Segment Start: Exercise data
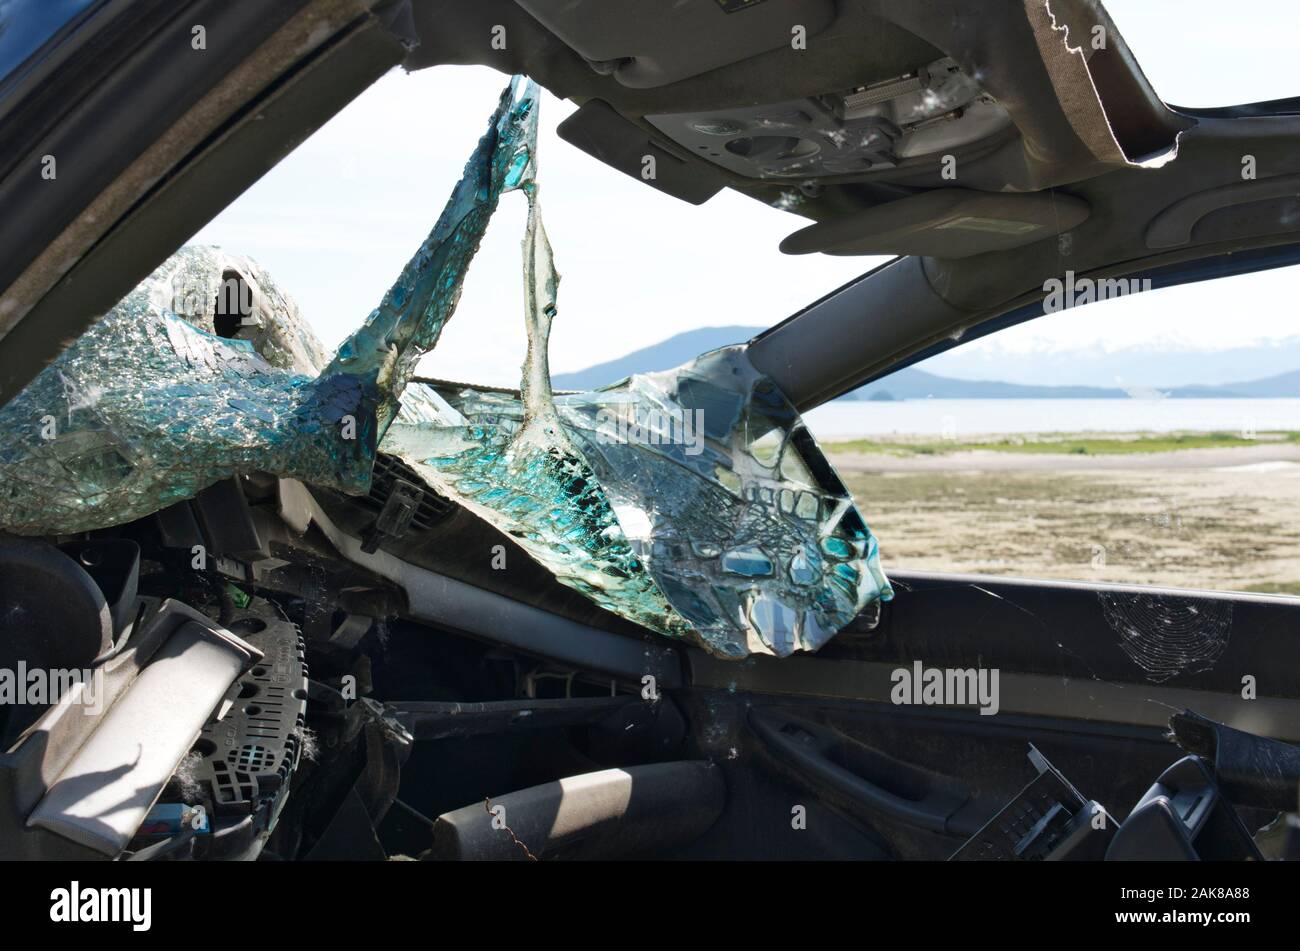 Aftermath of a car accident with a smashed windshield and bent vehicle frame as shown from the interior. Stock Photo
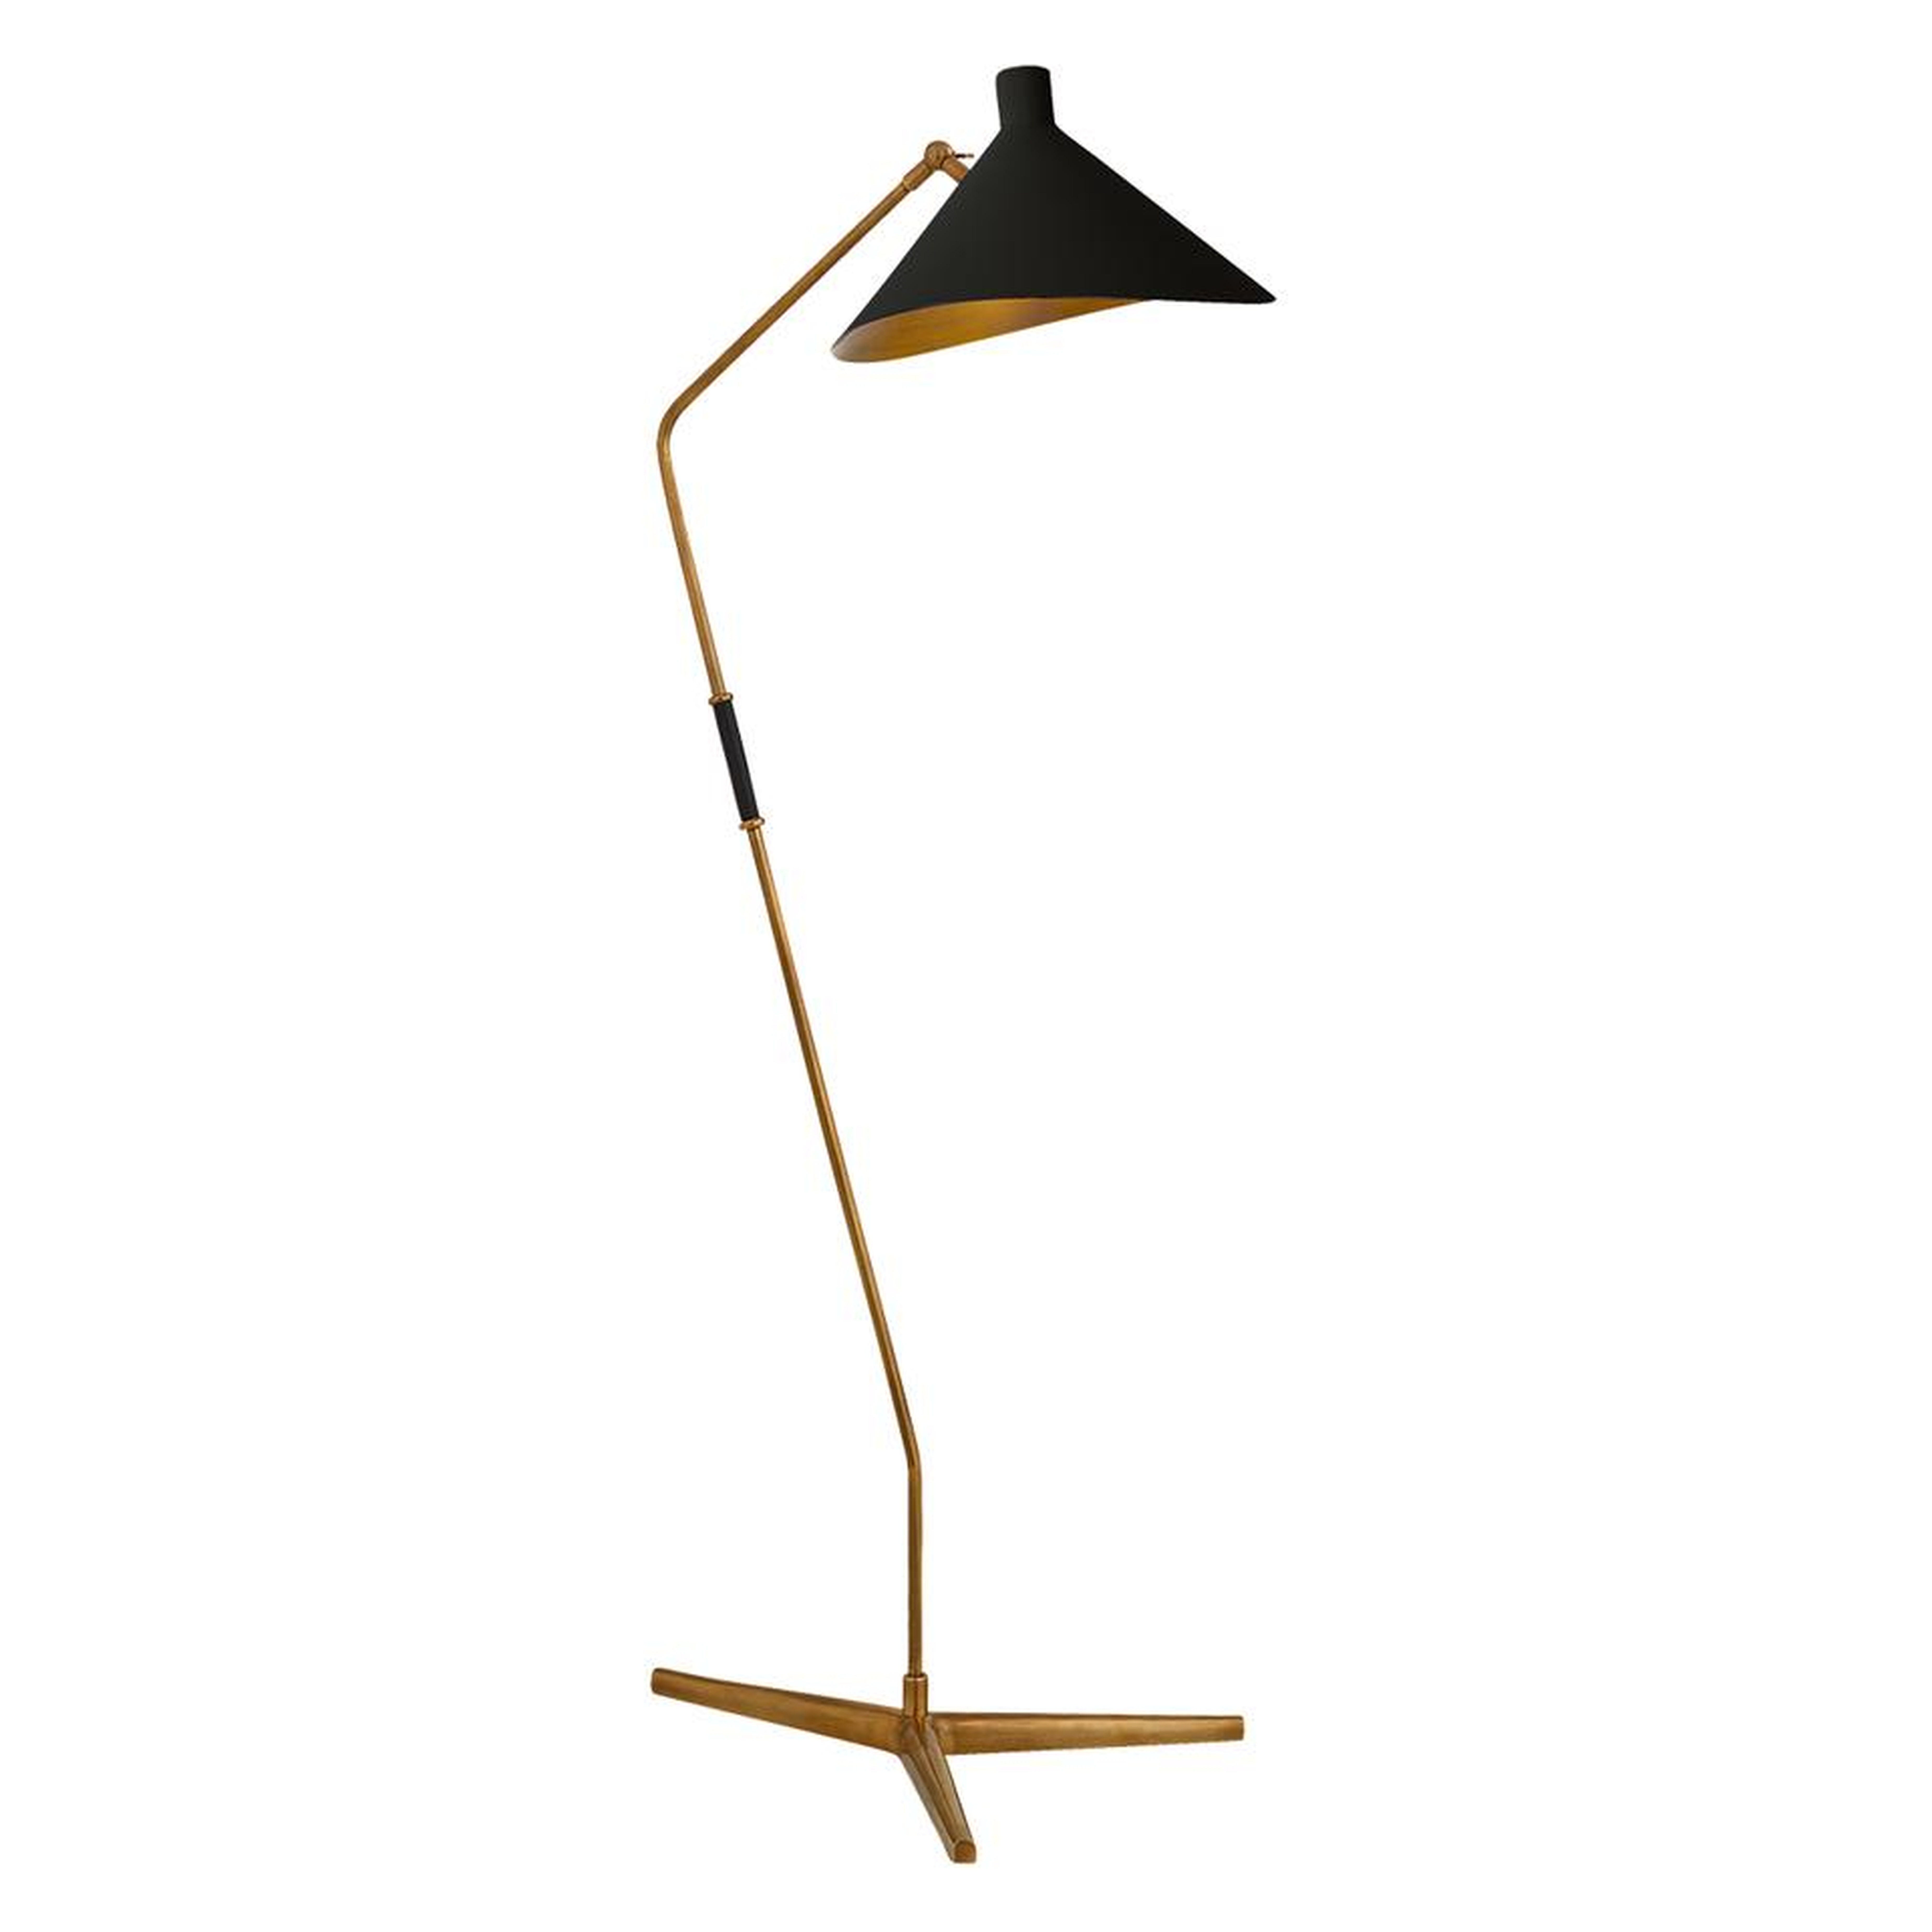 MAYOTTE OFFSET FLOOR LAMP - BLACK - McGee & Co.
Segment End: Exercise data
Segment Start: Exercise data
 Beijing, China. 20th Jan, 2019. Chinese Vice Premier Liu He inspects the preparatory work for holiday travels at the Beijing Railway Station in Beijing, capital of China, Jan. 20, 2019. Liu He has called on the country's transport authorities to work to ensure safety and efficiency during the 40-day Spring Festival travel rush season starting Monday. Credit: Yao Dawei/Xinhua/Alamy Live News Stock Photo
Segment End: Exercise data
Your assignment:
All lines above starting at the one with "Aftermath of a" and ending at the one with "MAYOTTE OFFSET FLOOR", inclusive, are to be printed again exactly, with the pictures left out.

Answer section:
 Aftermath of a car accident with a smashed windshield and bent vehicle frame as shown from the interior. Stock Photo
 MAYOTTE OFFSET FLOOR LAMP - BLACK - McGee & Co.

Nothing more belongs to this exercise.